What just happened?
Angry at the world, I am home after our meeting with the surgeon. I am laying in my recliner with a blanket over me. I am mad. I am itching. The medicine I was given to relieve the itching hasn’t taken full effect yet. I am pretty introverted to begin with, so I have started shutting down. I don’t want to get up to do anything.
In the two to three years prior to this diagnosis, I thought I was doing all the right things to keep my body free from sickness or disease. I have been involved in a well-known exercise program where I was averaging cardio three days a week. I was also eating clean, which involved grocery shopping based on food plans, recipes and cooking most of our meals. Within the last ten years I had been improving my eating habits and researching about supplements, current food quality issues and standards. I was doing my best to purchase non-GMO and organic foods. I have been relatively healthy for most of my life. I drifted in and out of several at-home physical fitness programs while Jim and I raised our kids. In high school I was on the table tennis and varsity fast pitch softball team. I tried out for the swim team in middle school until I realized that the daily practices before and after school were far too intense for me. Going further back, I was very active trying to keep up with my eight brothers as a child. To name a few of our activities: acorn fights, frisbee fights, kick the can, ditch, and capture the flag.
Thinking back to multiple conversations in recent months. I hear myself saying that I plan to be like my Grandma Blanche, who was born in the early 1900’s. She lived to 99 years of age, taking care of most of her own needs up until she was 98. Grandma’s daily meds consisted of a baby aspirin and sometimes ibuprofen. However, the situation I currently find myself in seems incomprehensible. Would I make 55? Let alone 99.
Up until this time, my experience with the medical system seemed to reveal to me that good care doesn’t necessarily come from a system where doctors are paid based on the number of patients they treat. I have never had a surgery. My three children were born naturally. I did not have meds or an epidural during their births. I am not normally sick with colds or flu. I would say that all of these circumstances contributed to the fact that I hadn’t yet formed a strong trust in doctors or the healthcare system.
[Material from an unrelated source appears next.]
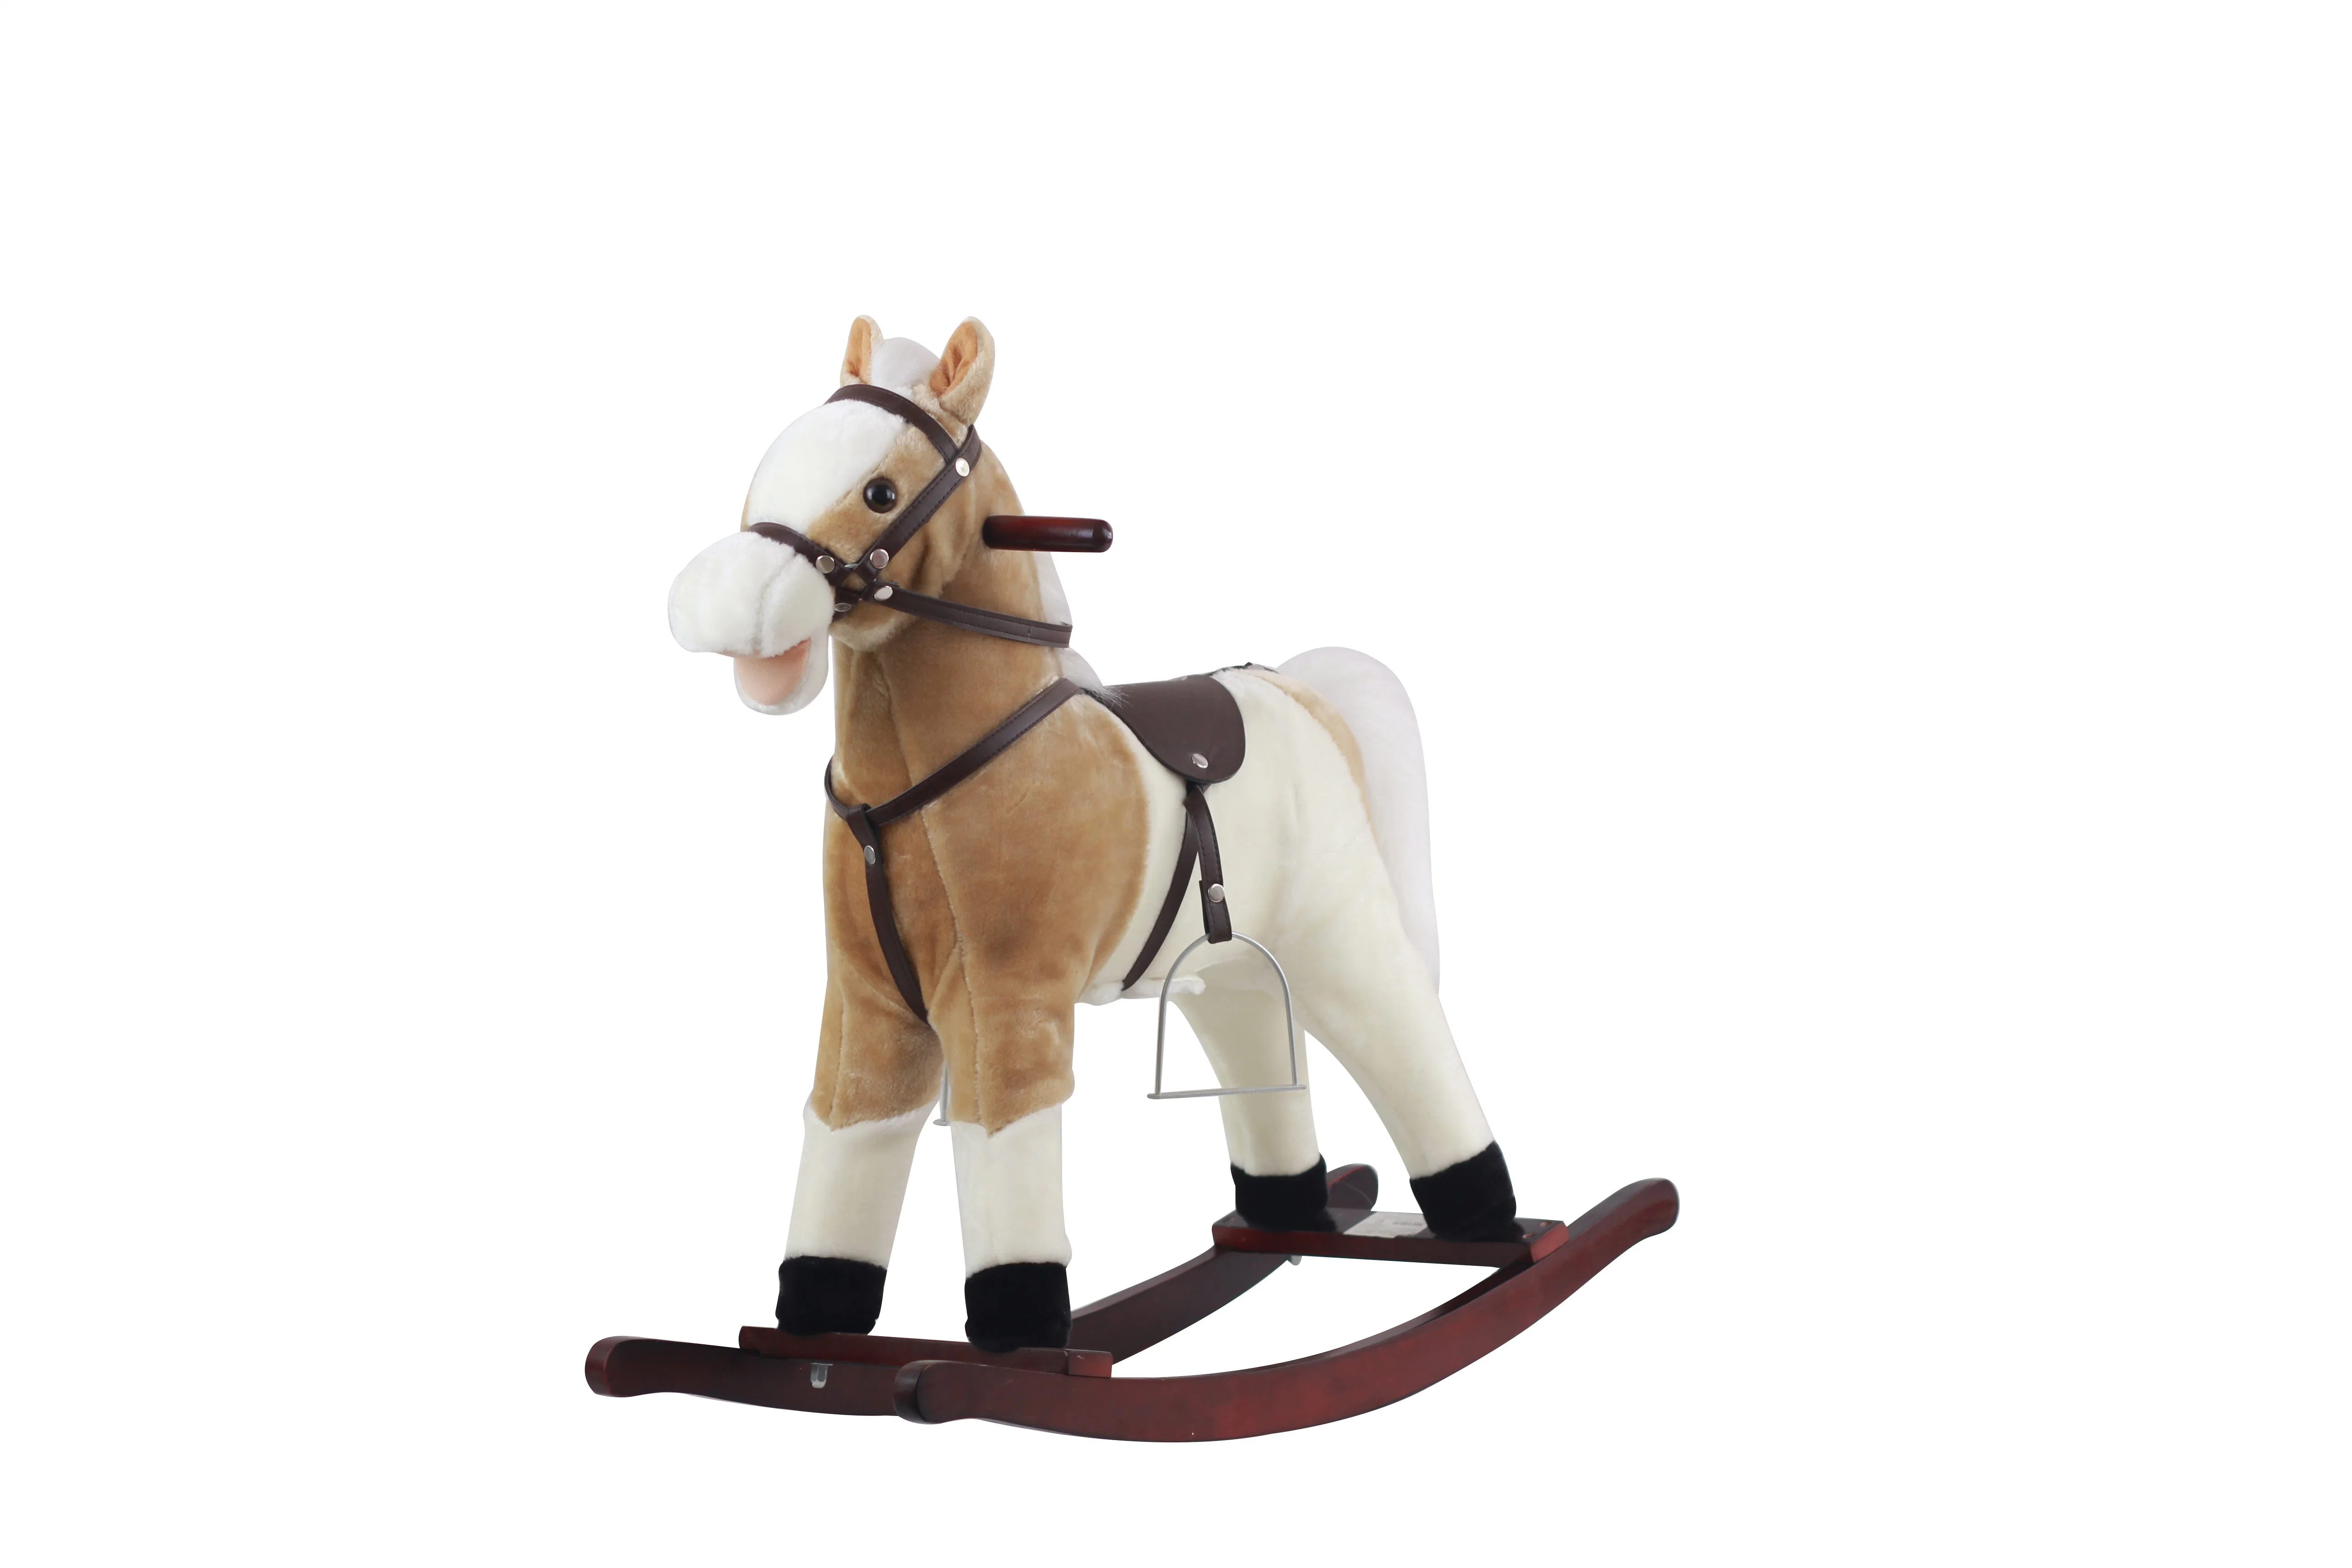 Silla mecedora para niños al por mayor, caballo mecedor de juguete de peluche, muñecos de peluche de caballo mecedor de madera para montar
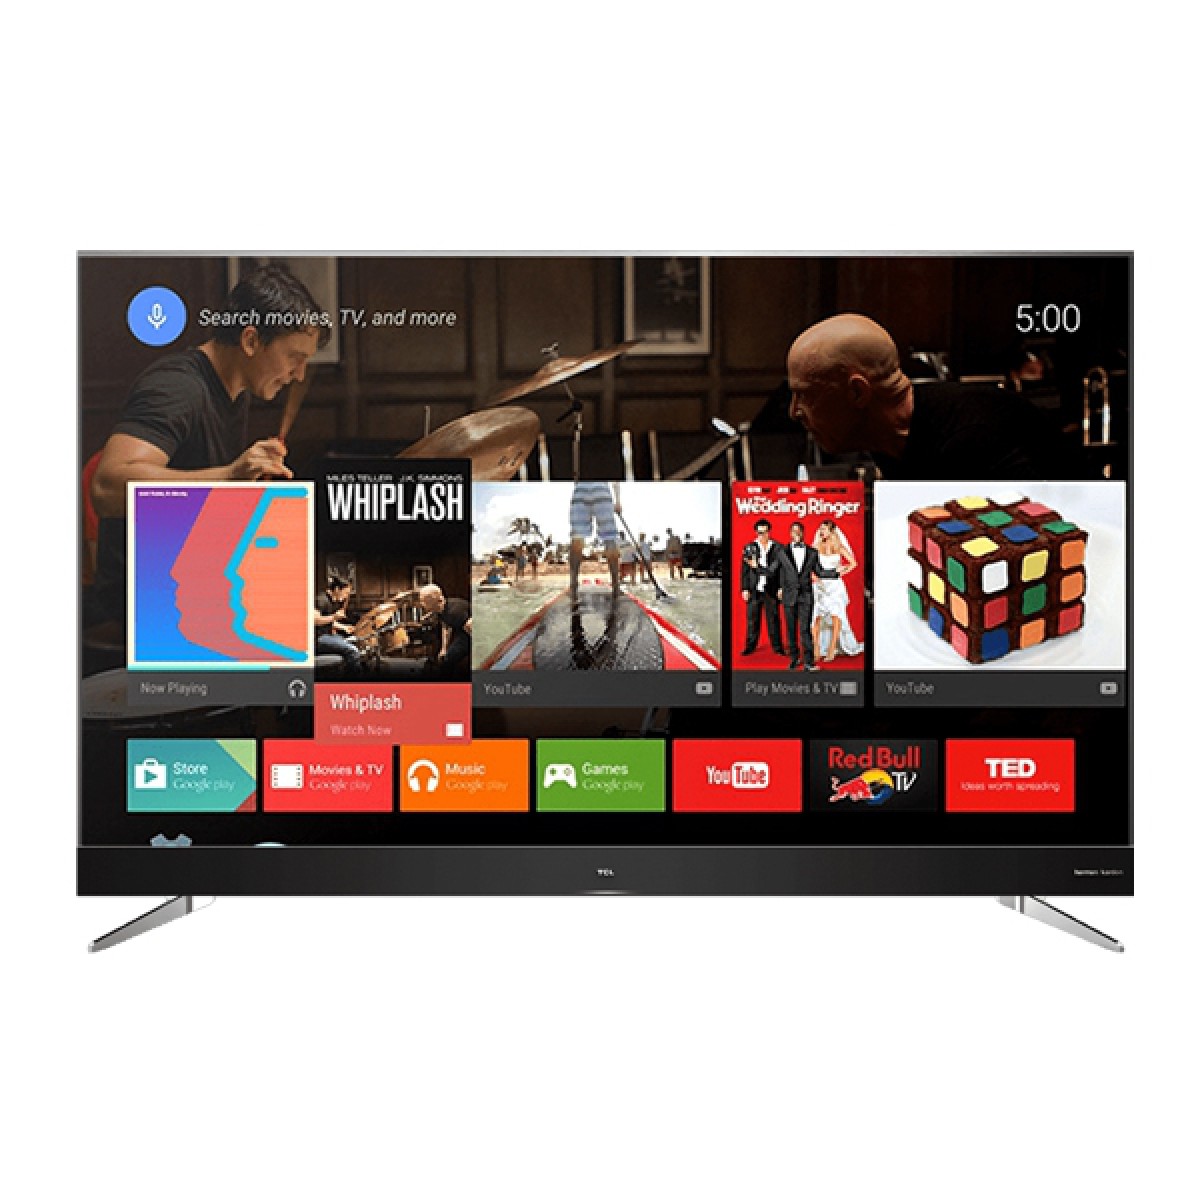 TCL Android TV 75. Телевизор ТСЛ 75 диагональ. Tlc телевизор купить

My mind returns to the room. I have not perceived that Jim has entered multiple times on a mission to tell me that I need to move forward. I am still in shock, angry and oblivious to what Jim is attempting to do. On his last entrance, he tells me that I need to get up and go for a walk. He says it will be good for me. I snark back with, “Why?!” After days of being subjected to my behavior, I am sure that his patience is done being tested. To begin with, he is not known to start in-your-face confrontational conversations. He is however good at asking questions to lead people to a solution, as long as they are willing to follow. I don’t want to listen to anyone after receiving the news from the surgeon. I don’t want this to be me. I don’t want to be a patient. I want this to be a bad dream.
Finally, I listen and take that walk down the block in our neighborhood. Plodding along, I am pleading with God, sobbing and asking, “Why? What did I do wrong? Why is this happening to me? Can’t you take care of this?”. Distracted by my pleadings with God, I thought I was alone. Then, I look over and see there is a neighbor that I have never met that is sitting about 100 yards away. He must have heard my sobbing and close to a yelling conversation with God. How embarrassing. I act like I don’t see him and keep walking by. The walk helped. Jim was right. The momentum of my walk helped me to release some of that anger so that I could move forward on my journey to seek God on what my next steps should be.